What Is Independence?

September 19 1984

Independence is a precious privilege not all of us Americans get to experience in this land of the free and home of the brave. Many people with disabilities need physical assistance in completing their daily concerns. Personally. I have suffered many hours of cold feet due to my feelings of embarrassment when needing to have someone else put the socks on my feet and on my shoes. Only family members or the very best of friends were ever allowed that privilege of helping me and never within public view. For me it is still a choice between cold feet or no cold feet. I have learned many new lessons. The best of which was the difference between "want" and "foolish pride." For many others the choices are much higher and so are the tasks before them that need to be done. A little help from a supportive aide means all the difference. You'll never express a greater loving of accomplishment than seeing someone accomplish something he couldn't have done without you. It's a wonderful feeling, Try it!

Awareness Exercise

December 14 1983

One of the issues brought up most frequently in my column has been accessibility. The importance of the issue is the necessity for stricter enforcement of the laws and building codes ensuring it. and depends on how much freedom and independence means to the individual. Or possibly "what" those two words "mean" to the individual by definition.

It is not uncommon for some people to take their physical agility so much for granted that they automatically assume you are referring only to an independence of attitude or political belief and a freedom of speech. The realization of physical entrapment seems absurd, "especially in America" if the entire concept hasn't escaped them already.

Most people do not fully appreciate the seriousness of the issue of accessibility or inaccessibility until they are personally inconvenienced by it in some way. Unfortunately it is usually a bit late by that point.

I spoke before the membership of the Milford Jaycees and we focused on this. I had passed out copies of a questionnaire that I made up dealing with general information about themselves and their lifestyle such as: their age; occupation; mode of transportation used to go to work; marital status, # of children, what their hobbies were that they like to do most often and to do and whenever they had spare time. They answered questions about the architectural construction of their homes and workplaces as well as the physical description of the layout of their home living and office environments. For instance, did they live in an apartment or a house? How many floors? Are there stairs leading up to it? - If so how many? Do you use an elevator? - Are the elevator button panels lowered to meet code? What kind of doors are on the building? Are they heavy? How high are the handles? Are there ramps for stairs and curbs? How many bathrooms up or downstairs? How many bedrooms up or downstairs? Was their own bedroom up or downstairs?

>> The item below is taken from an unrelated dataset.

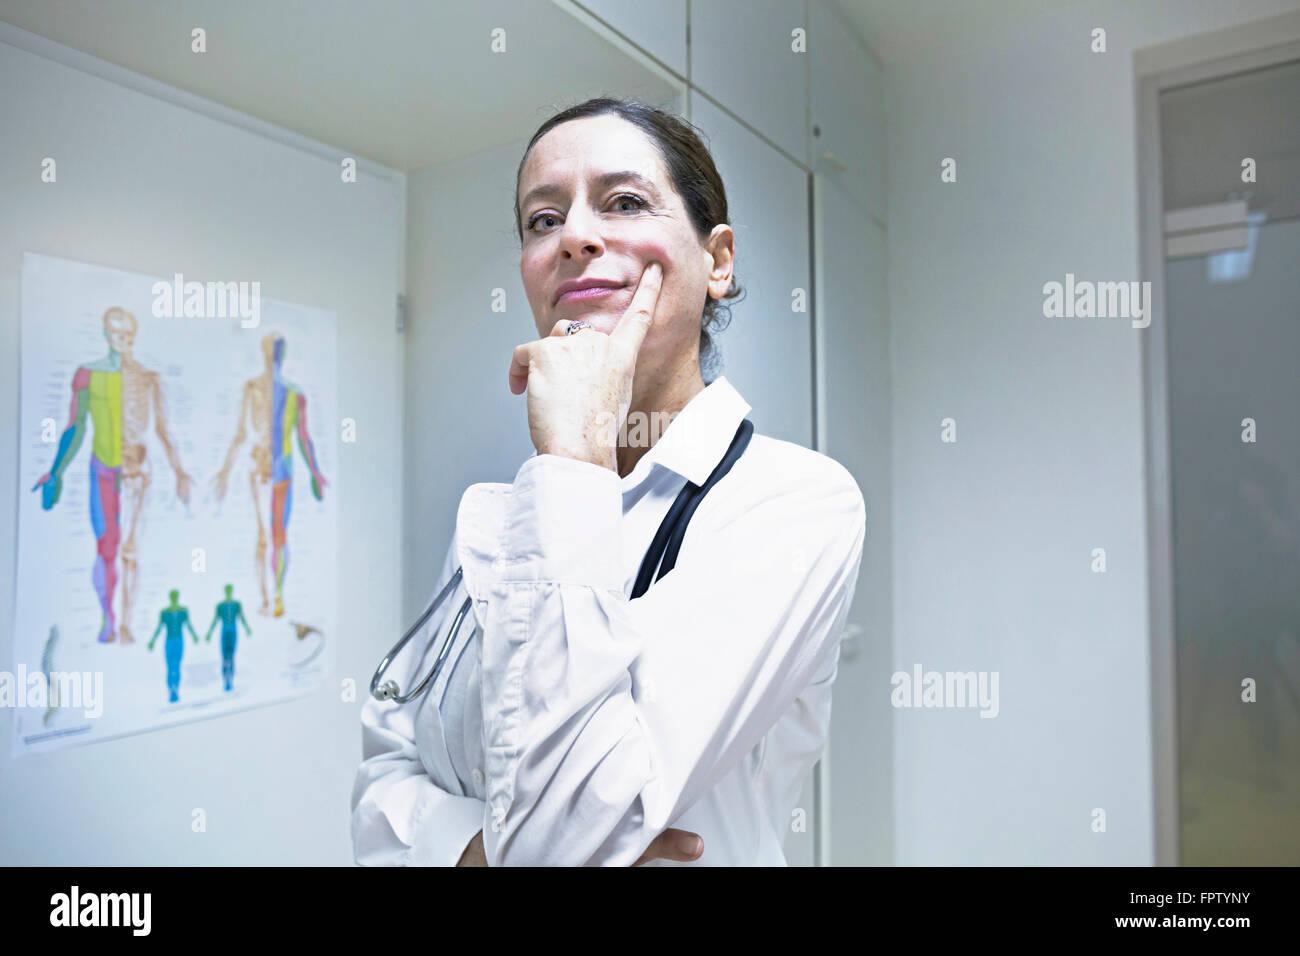 Female doctor thinking with hand on chin, Freiburg Im Breisgau, Baden-Württemberg, Germany - Stock Image

How much maneuverable walking space was there in bathrooms, kitchen and all other rooms? Enough that someone in a wheelchair could move about the house or office unhindered?

What is the average heights of cabinets, mirrors, closet poles dresser, light switches, outlets, bookshelves, stove, oven, countertops, refrigerator freezer, tables, desk, file cabinets, telephone, fuse box, TV, stereo, sinks, coffee machines, towel dispenser, soap dispensers, knobs / locks / latches?

Does the workplace have accessible bathroom facilities. Does the workplace have handicap parking spaces? Are there any disabled people where they work? What positions on staff do they hold? What physical restriction do they have where restrictions are only caused by the set up of the working environment? Could you keep on working your present job if suddenly disabled permanently in the future? Would you be allowed to?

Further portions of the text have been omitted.